This notebook needs to be completed. There are placeholders for each of the following tasks which need to be coded up. Finally, this notebook should be runnable on a free Google colab instance in few minutes.

## Concrete tasks:
1. Load the instruction fine-tuning dataset
2. Load the model and tokenizer
3. Prompt the model with few items from the dataset and print the generated responses using the provided `generate()` function
4. Implement a trainer class that takes the model, dataset as inputs and
  - Instantiates necessary training components such as optimizer, learning rate scheduler etc.
  - Specifically, implement the `train()` function that performs the classic train loop with a next-token prediction objective
5. Modify the `generate()` function to implement the generation logic directly using `model.forward()`. At each generation step, generated tokens are fed as inputs until the stopping condition is met (EOS is generated or max_tokens is reached).

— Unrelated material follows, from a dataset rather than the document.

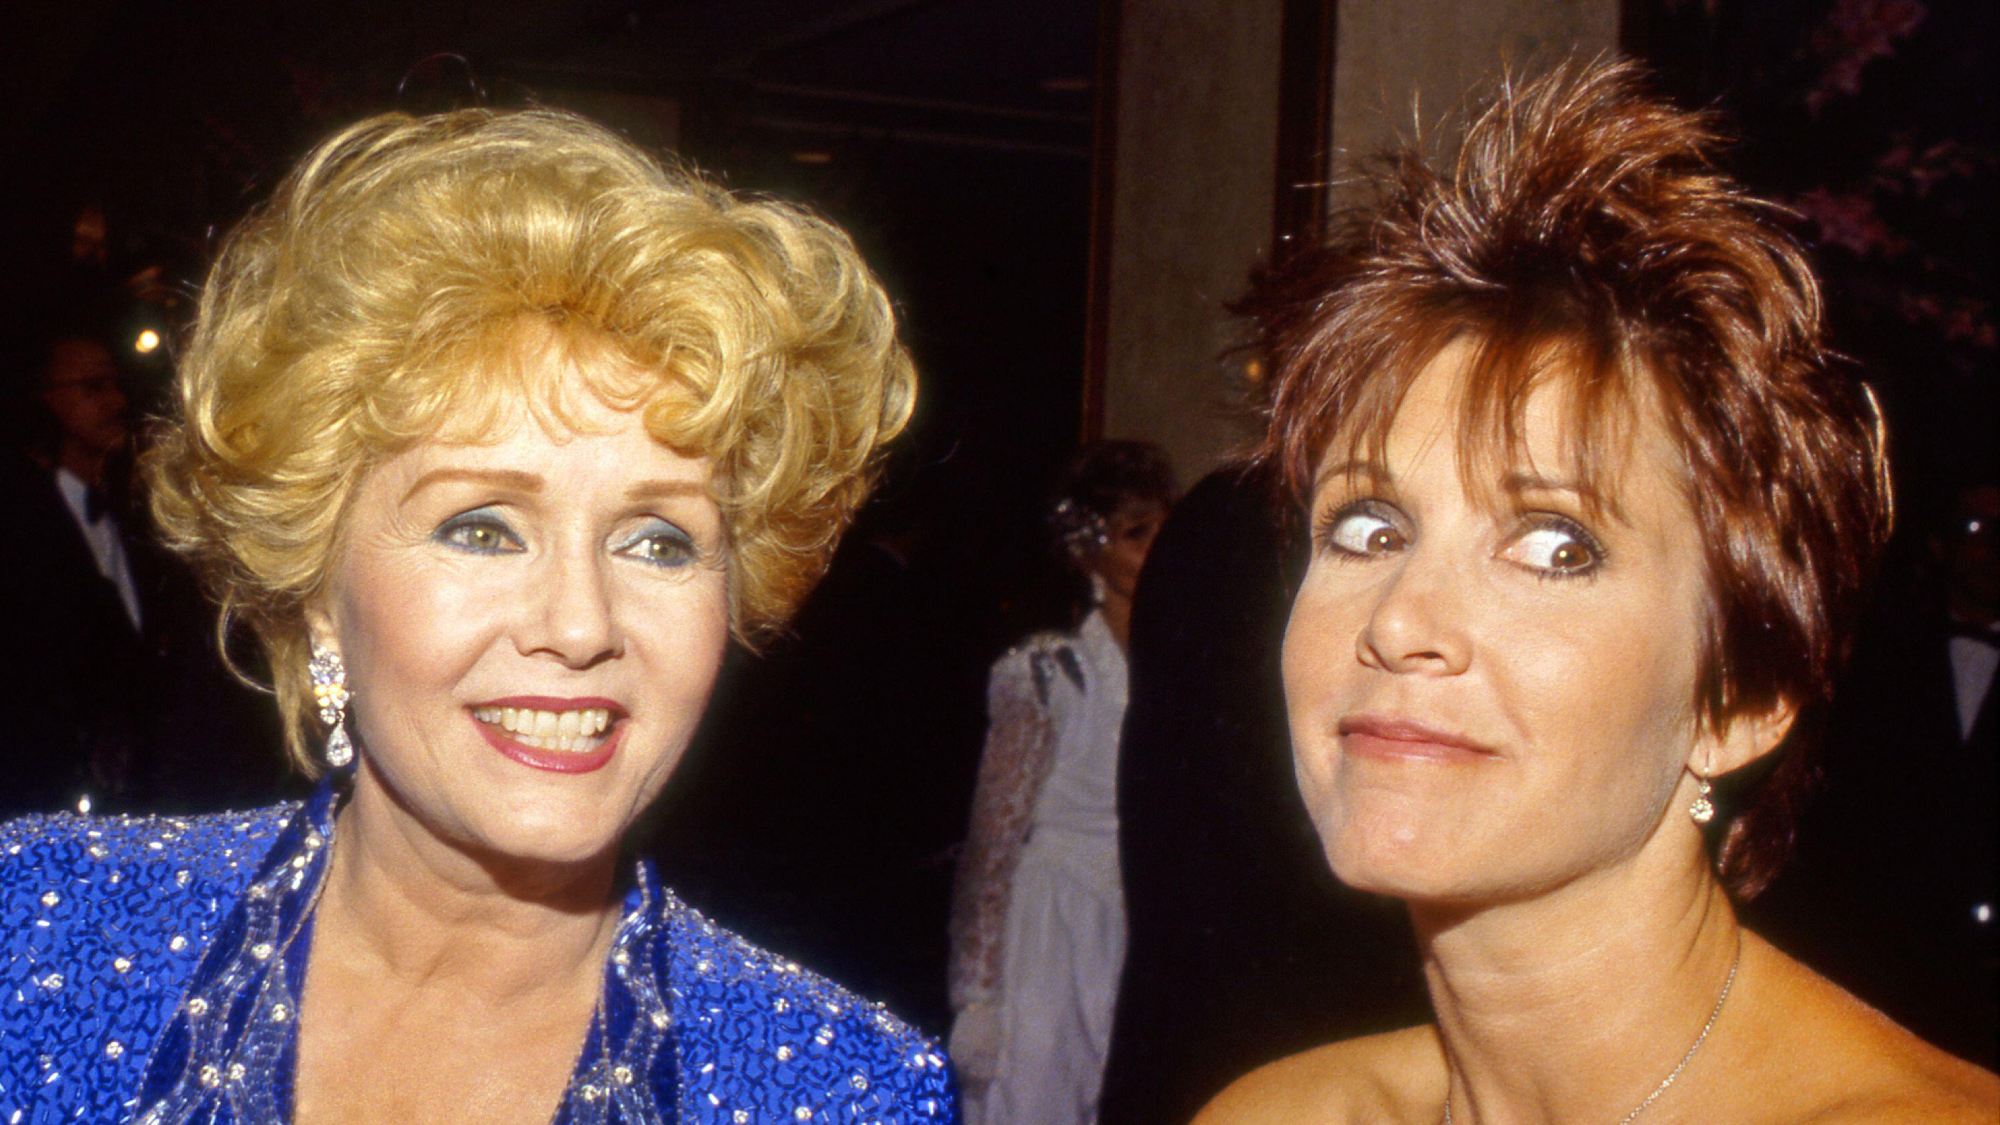 Debbie Reynolds and Carrie Fisher mug for the cameras at a gala in Beverly HIlls, CA

Most importantly, make sure that the generations are batched.
6. **Plot the effect of training data on the validation loss**: The idea is to vary the amount of data used for training data (e.g. 100, 200, 500, 1000 data points) and understand its effect on the valiation loss. Please provide an explanation along with the plot.
7. **Applying Chat template**: Suppose you want to switch to a different model and accordingly the prompt template needs to change. So, how would you incorporate this change without having to manually apply the template everytime you change the model.

Bonus points:
- You are free to use any model. But if you use a larger model (e.g. Llama model 7-B) and make it trainable on Google Colab with T4 instance in couple of minutes, it is a bonus point.
Hint: you should use techniques such **LoRA/QLoRa** to reduce the number of trainable parameters, use **quantization** to reduce the memory requirements.
- Optimize the `generate()` further to use attention key-value caching. The idea is that we do not want to recompute attention values for our prompt at every decoding step.

# Install Dependencies
If you add any new depencies, make sure to update the following cell accordingly.

In [1]:
!pip install -q accelerate bitsandbytes datasets peft transformers

# Imports
All imports should be added below.

In [2]:
from datasets import load_dataset, DatasetDict, Dataset
from torch.utils.data import DataLoader, random_split
from transformers import default_data_collator
from dataclasses import dataclass

from transformers import AutoTokenizer, AutoModelForCausalLM, BitsAndBytesConfig, pipeline, get_scheduler
import torch
from huggingface_hub import login


from torch.optim import AdamW
from accelerate import Accelerator, notebook_launcher
from peft import LoraConfig, get_peft_model, prepare_model_for_kbit_training
import bitsandbytes as bnb

import time
import datetime
import re
from tqdm import tqdm

In [3]:
login()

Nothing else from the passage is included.